The Historian Bernard Porter has noted:

"Between 1970 and 1972 Kitson served in Northern Ireland as commander of a brigade in Belfast. He may have been largely responsible for the setting up and development of ‘Psyops’ units there. If he was not, then somebody else was. By all accounts this side of the army’s work expanded enormously over the next ten years, and involved some techniques which could be described as devious. That may be putting it mildly indeed. Among the ‘tricks’ attributed to various British intelligence agencies in Northern Ireland in the 1970s - army intelligence, MI5, MI6, British Special Branch, RUC Special Branch - were torture, for which Britain was censured by the European Human Rights Commission in 1976; murder, faked to look like ‘sectarian’ killings; the planting of bombs in Dublin in 1974 ...; homosexual seduction and blackmail; ‘black’ propaganda and disinformation; ‘shooting to kill’; fabricating evidence; and ‘covering up’. At one stage, because of inter-departmental rivalry, MI5 and MI6 were rumoured to be indulging in covert operations against each other..."[1]

Career

Kitson was commissioned as a 2nd Lieutenant in the Rifle Brigade as of 23 February 1946.[2]

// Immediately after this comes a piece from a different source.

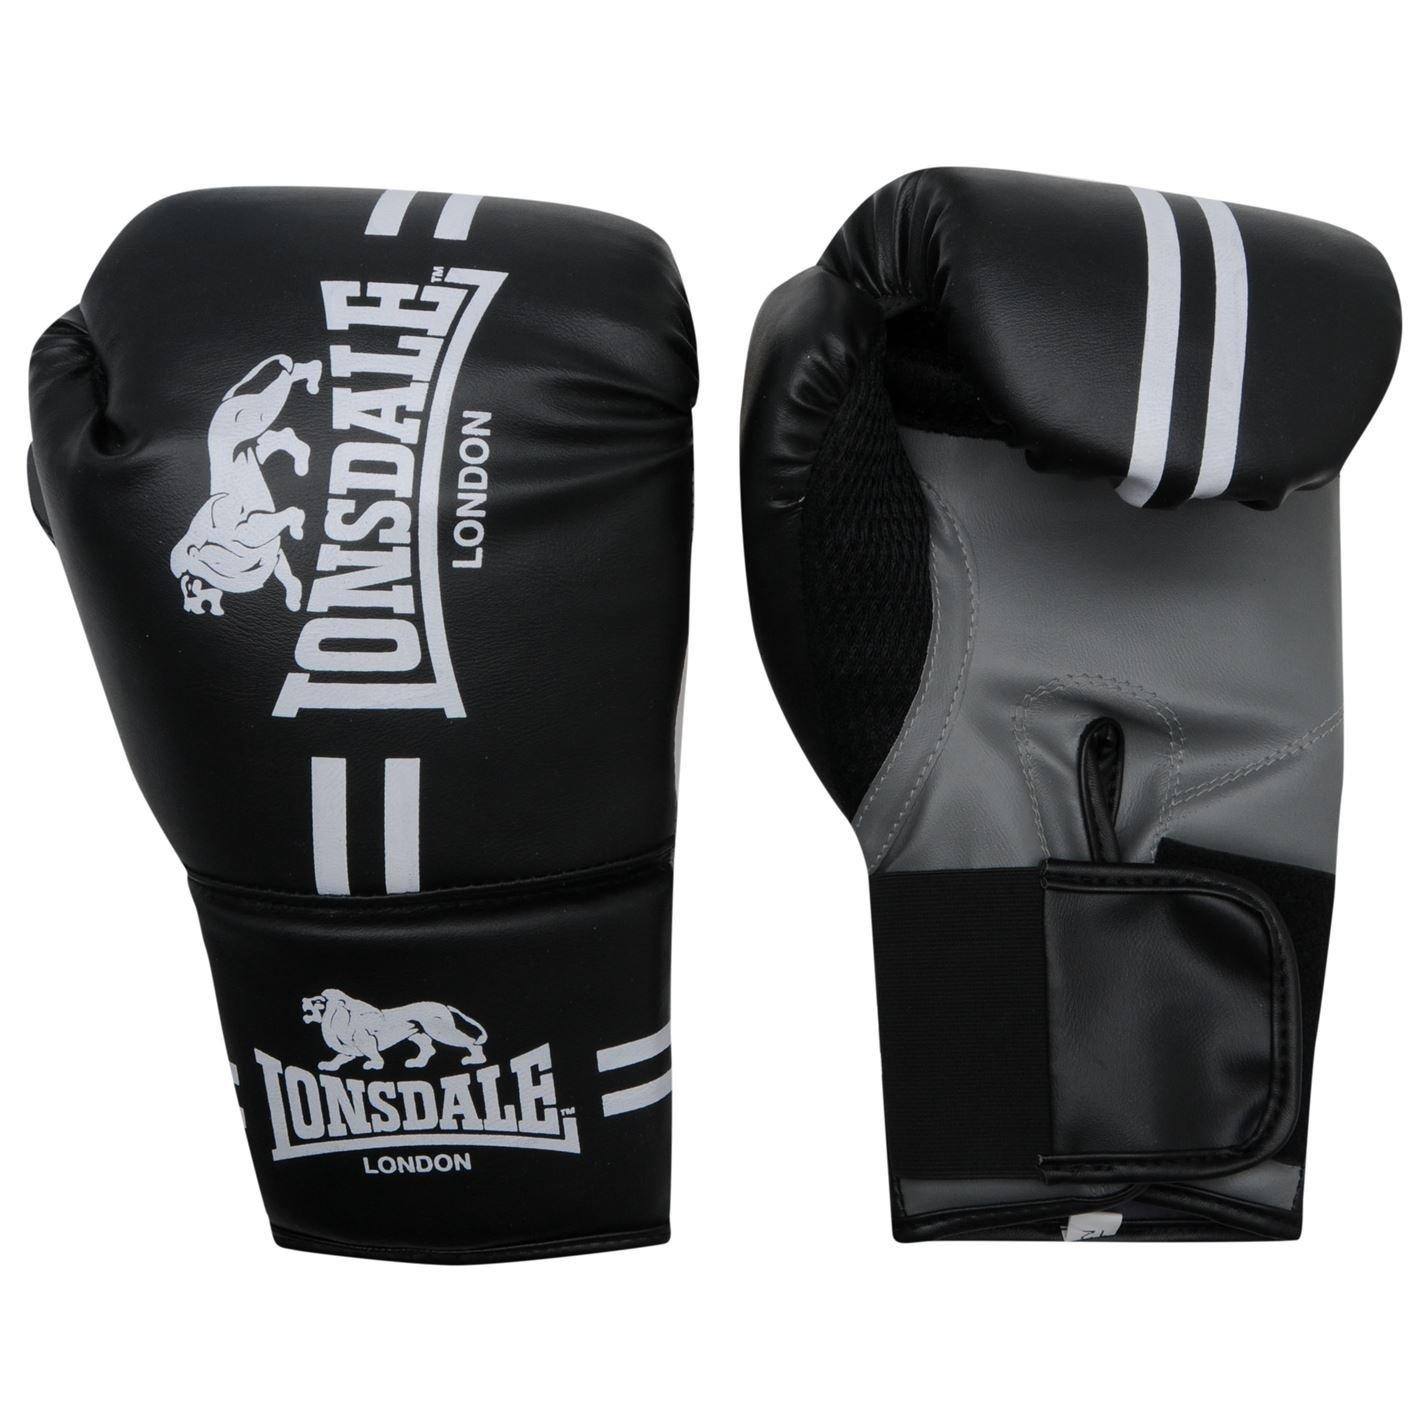 Lonsdale Contender Guantes Boxeo Kick Mma Hand Wraps Mitones Fight Entrenar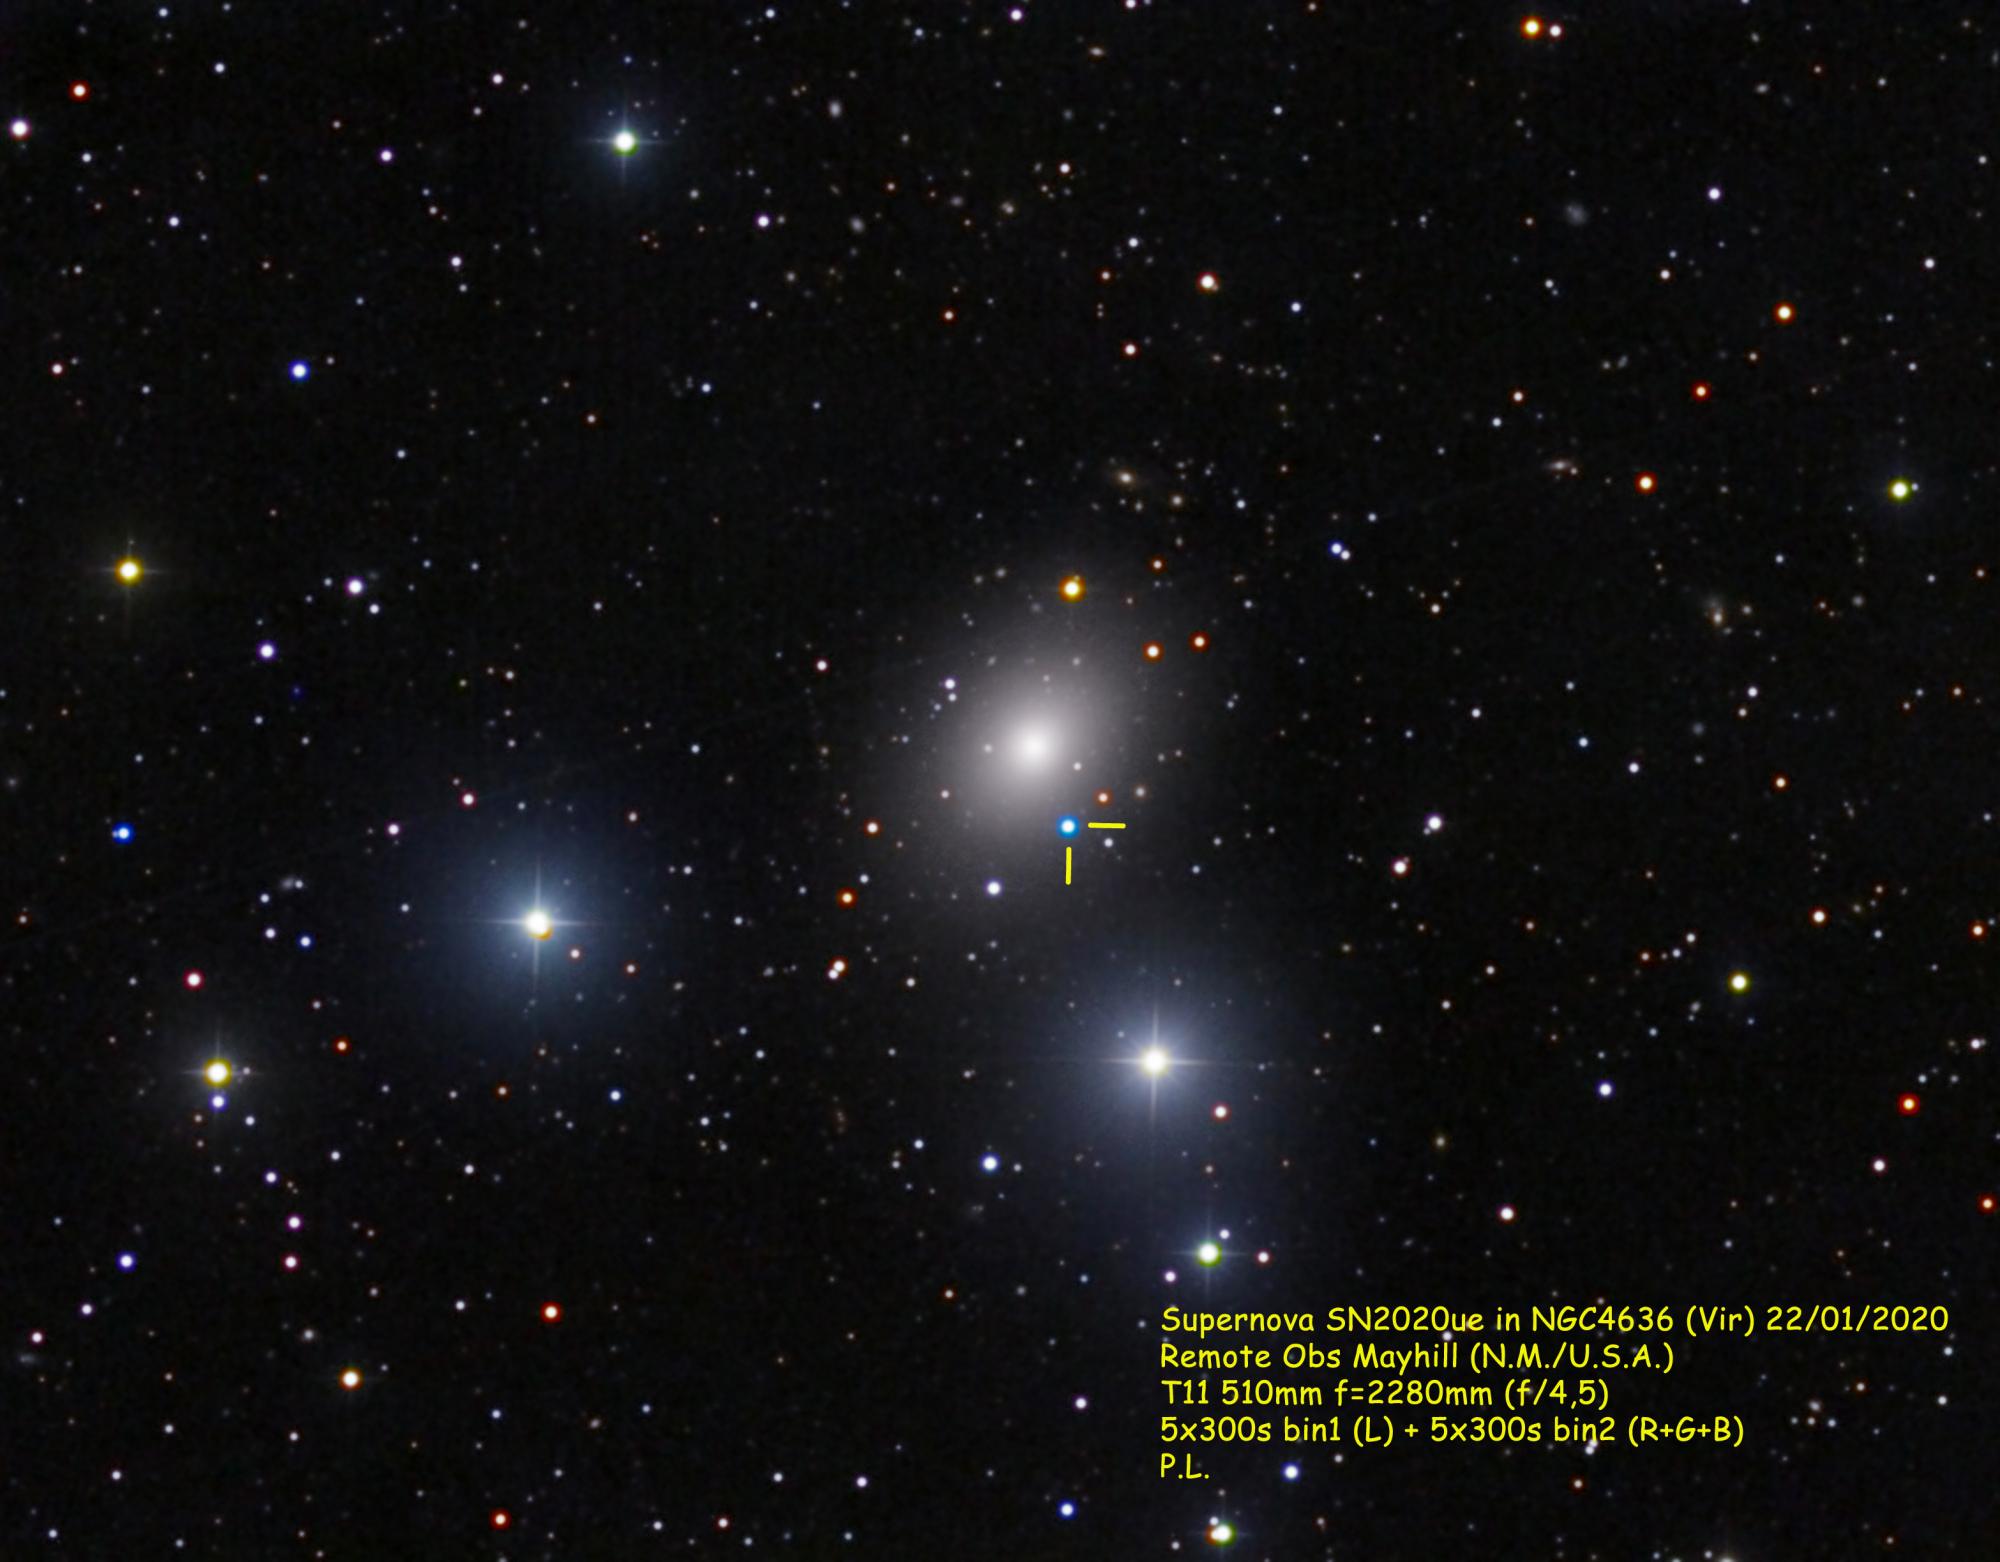 NGC4636_SN2020ue_txt.jpg

He was promoted to Lieutenant as of 10 April 1948, with seniority from 15 December 1947.[3]

  • Kenya 1951
  • Malaysia 1957
  • Oman 1958-1959

He was awarded the OBE on 13 June 1959.[4]

  • Cyprus 1962

He was appointed a Brevet Lt-Col. on 1 July 1964.[5]

  • Britain 1969-1987
  • Ireland 1970-1972[6]

Kitson was appointed Aide-De-Camp General to the Queen on 15 February 1983, succeeding Sir Anthony Farrar-Hockley.[7]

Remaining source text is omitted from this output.